Verification of the numerical analysis using a collocated grid system directly solving the quasi-inviscid incompressible flow around a symmetric airfoil

Hiroki Suzuki; Masaya Watanabe; Yutaka Hasegawa; Shinsuke Mochizuki

doi:10.1088/1742-6596/1633/1/012028

Verification of the numerical analysis using a collocated grid system directly solving the quasi-inviscid incompressible flow around a symmetric airfoil

Hiroki Suzuki, Masaya Watanabe, Yutaka Hasegawa, Shinsuke Mochizuki

Research output: Contribution to journal › Conference article › peer-review

Abstract

The present study describes the results of validating a high-quality computational scheme of kinetic energy conservation characteristics under a collocated grid system. In the present study, the pseudo-inviscid incompressible flow around the Kármán-Trefftz airfoil is analyzed.

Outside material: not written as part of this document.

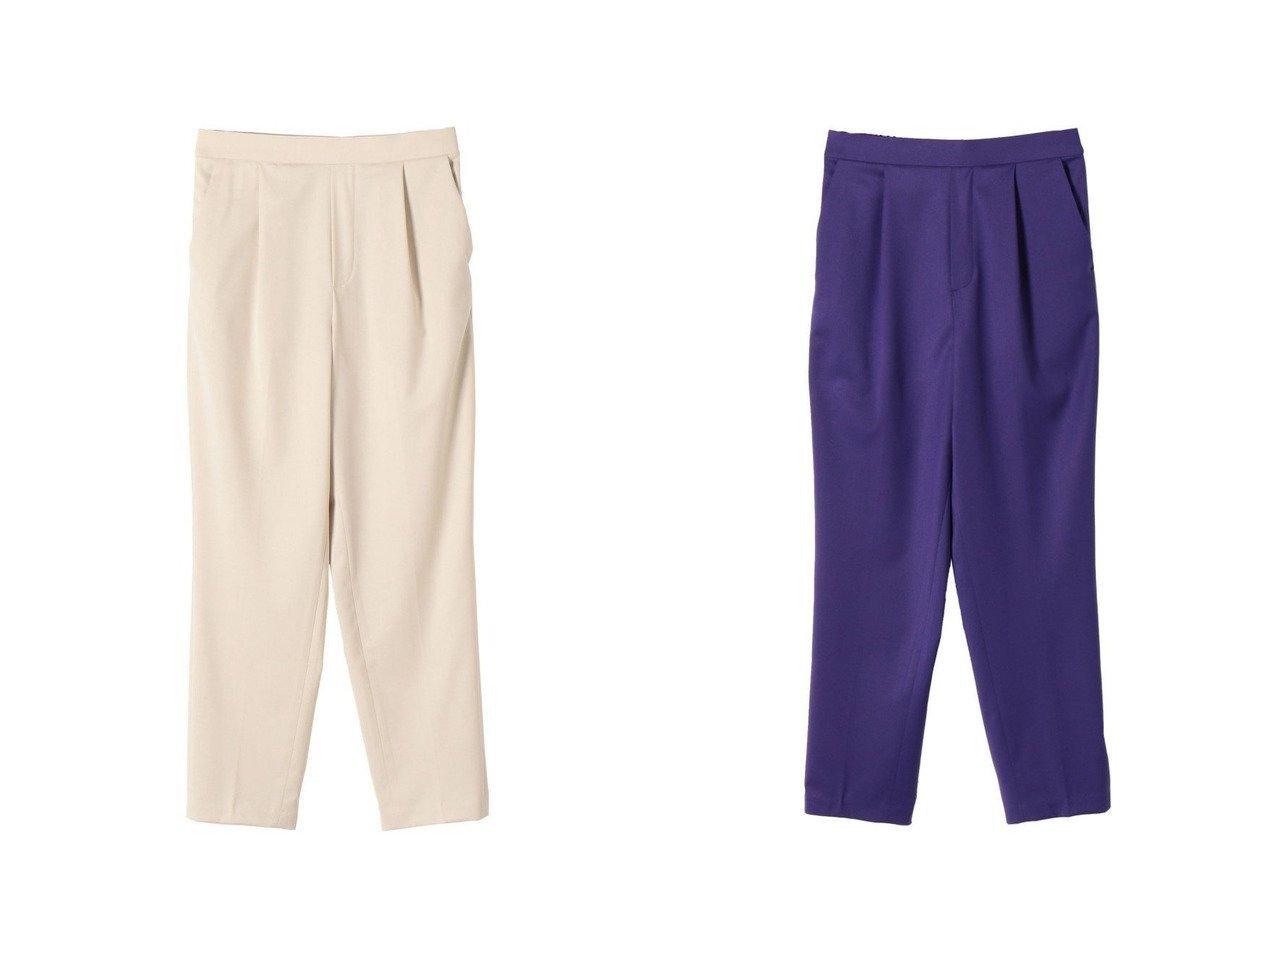 【SHIPS/シップス フォー ウィメン】のウォッシャブルテーパードパンツ パンツのおすすめ!人気、トレンド・レディースファッションの通販 おすすめで人気の流行・トレンド、ファッションの通販商品 メンズファッション・キッズファッション・インテリア・家具・レディースファッション・服の通販 founy(ファニー) https://founy.com/ ファッション Fashion レディースファッション WOMEN パンツ Pants NEW・新作・新着・新入荷 New Arrivals クロップド ジーンズ メランジ 定番 Standard |ID:crp329100000011723
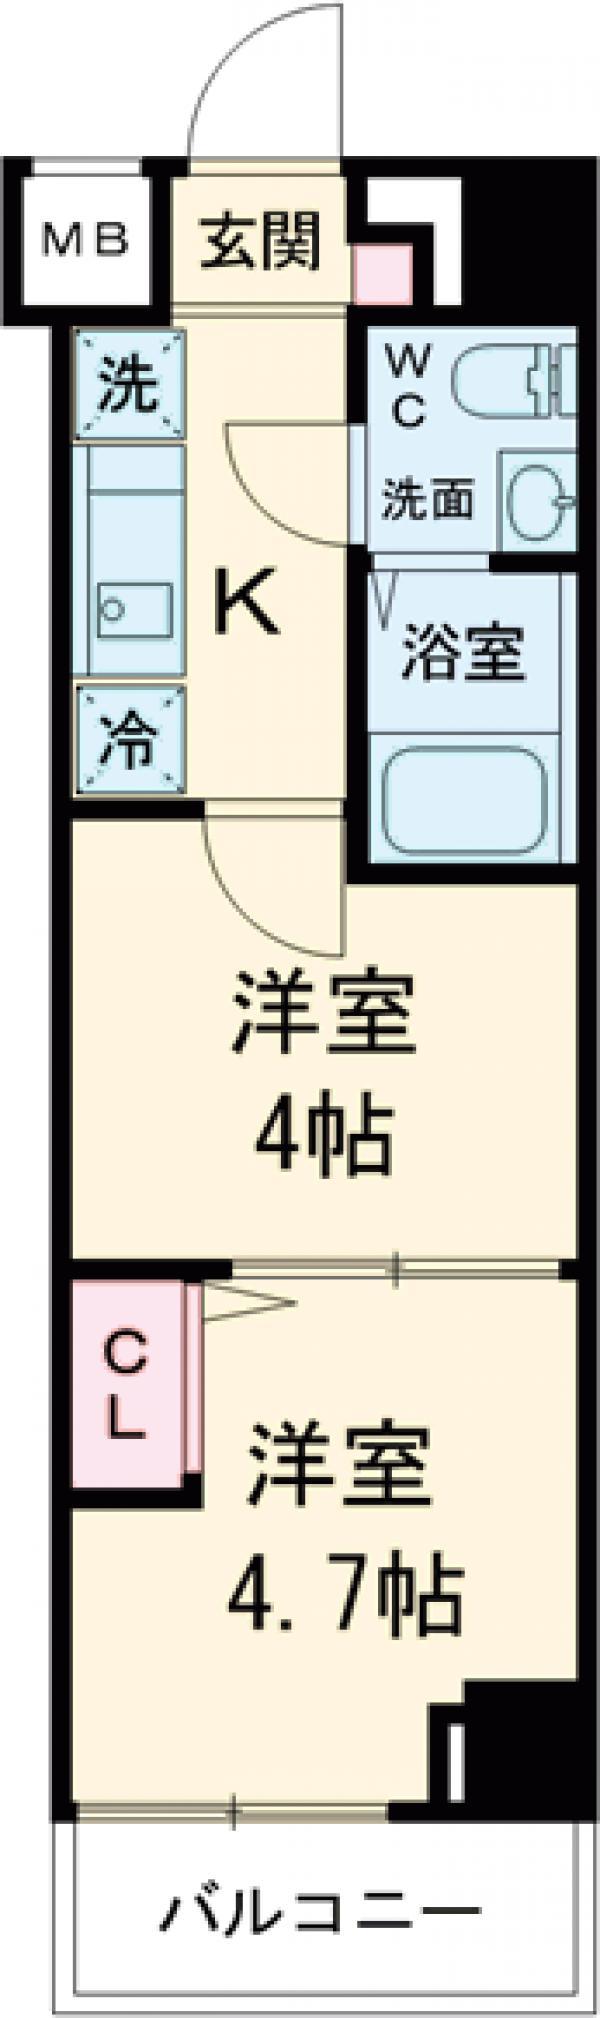 アンベリール マーロ北綾瀬Ⅱ・204号室の間取り

In this analysis, the kinetic energy conservation error is reduced by temporally evolving the governing equation using pressure increments in fractional steps. This sufficient conservation of kinetic energy is validated using an inviscid homogeneous isotropic fluctuation field. The velocity field obtained by this analysis is compared to that of the potential flow obtained using the Kármán-Trefftz airfoil. The numerical analysis is also validated using the lift coefficient profile as a function of a small angle of attack.

Original language	English
Article number	012028
Journal	Journal of Physics: Conference Series
Volume	1633
Issue number	1
DOIs	https://doi.org/10.1088/1742-6596/1633/1/012028
Publication status	Published - Sep 28 2020
Externally published	Yes
Event	3rd International Conference on Mechanical, Electric and Industrial Engineering, MEIE 2020 - Virtual, Online, China Duration: Jun 18 2020 → …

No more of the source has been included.